Whatever procedure your distribution uses for installing the Nvidia GPU driver should automatically also install the OpenCL ICD. It might also overwrite your system-wide ICD loader, if you have one.

Note that you need the permission bits on /dev/nvidia* set to allow access if you want remote (SSH) GPU access. Since many Linux distributions play idiotic games with those permission bits as well as the ownership of the device, the most robust solutionn I've found is to use POSIX ACLs:

setfacl -m g:gpu:rw /dev/nvidia*

Debian

Debian packages OpenCL very well and makes installing this much easier.

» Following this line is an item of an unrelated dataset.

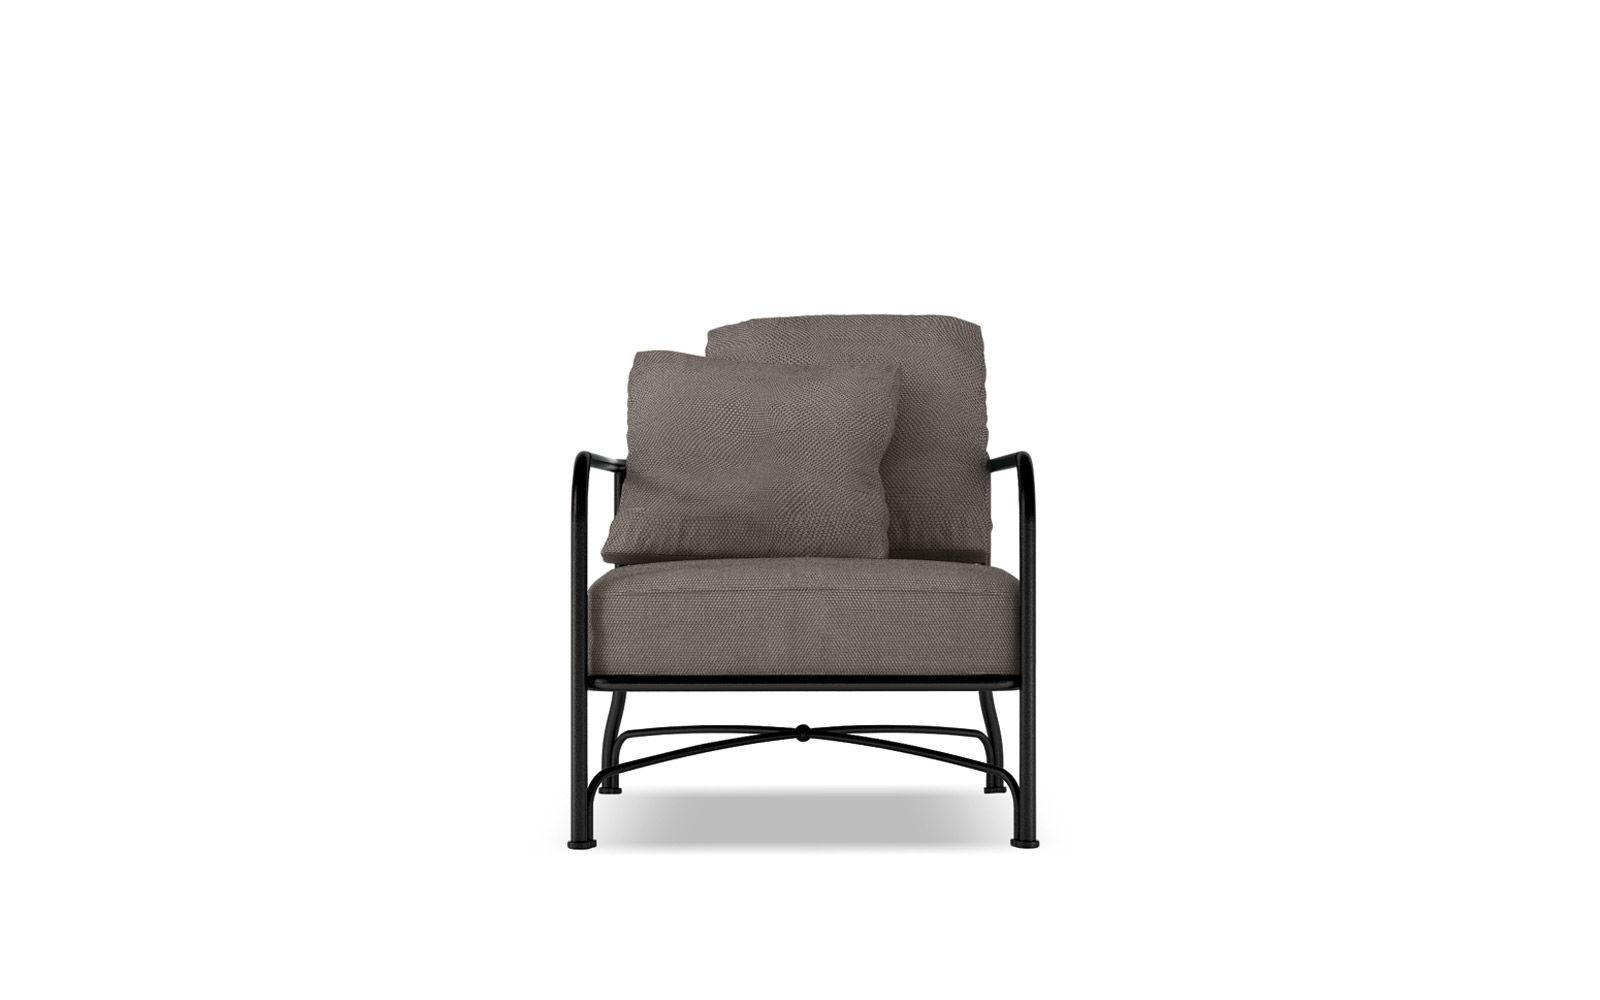 gro artig outdoor living gartenm bel galerie die besten. Black Bedroom Furniture Sets. Home Design Ideas

Packages of ICD loaders: (you just need one of these)

  • amd-libopencl1 (recommended)

  • nvidia-libopencl1

  • ocl-icd-libopencl1 (the reference implementation)

Packages of ICDs:

  • amd-opencl-icd

  • nvidia-opencl-icd

  • beignet

Package for headers:

  • opencl-headers

I would recommend using the latest versions (perhaps from the 'experimental' repository). Those are usually the least buggy.

In particular, Debian makes it straightforward to use both AMD and Nvidia GPUs in the same computer. Just let the AMD driver drive the display, for Nvidia only install the ICD.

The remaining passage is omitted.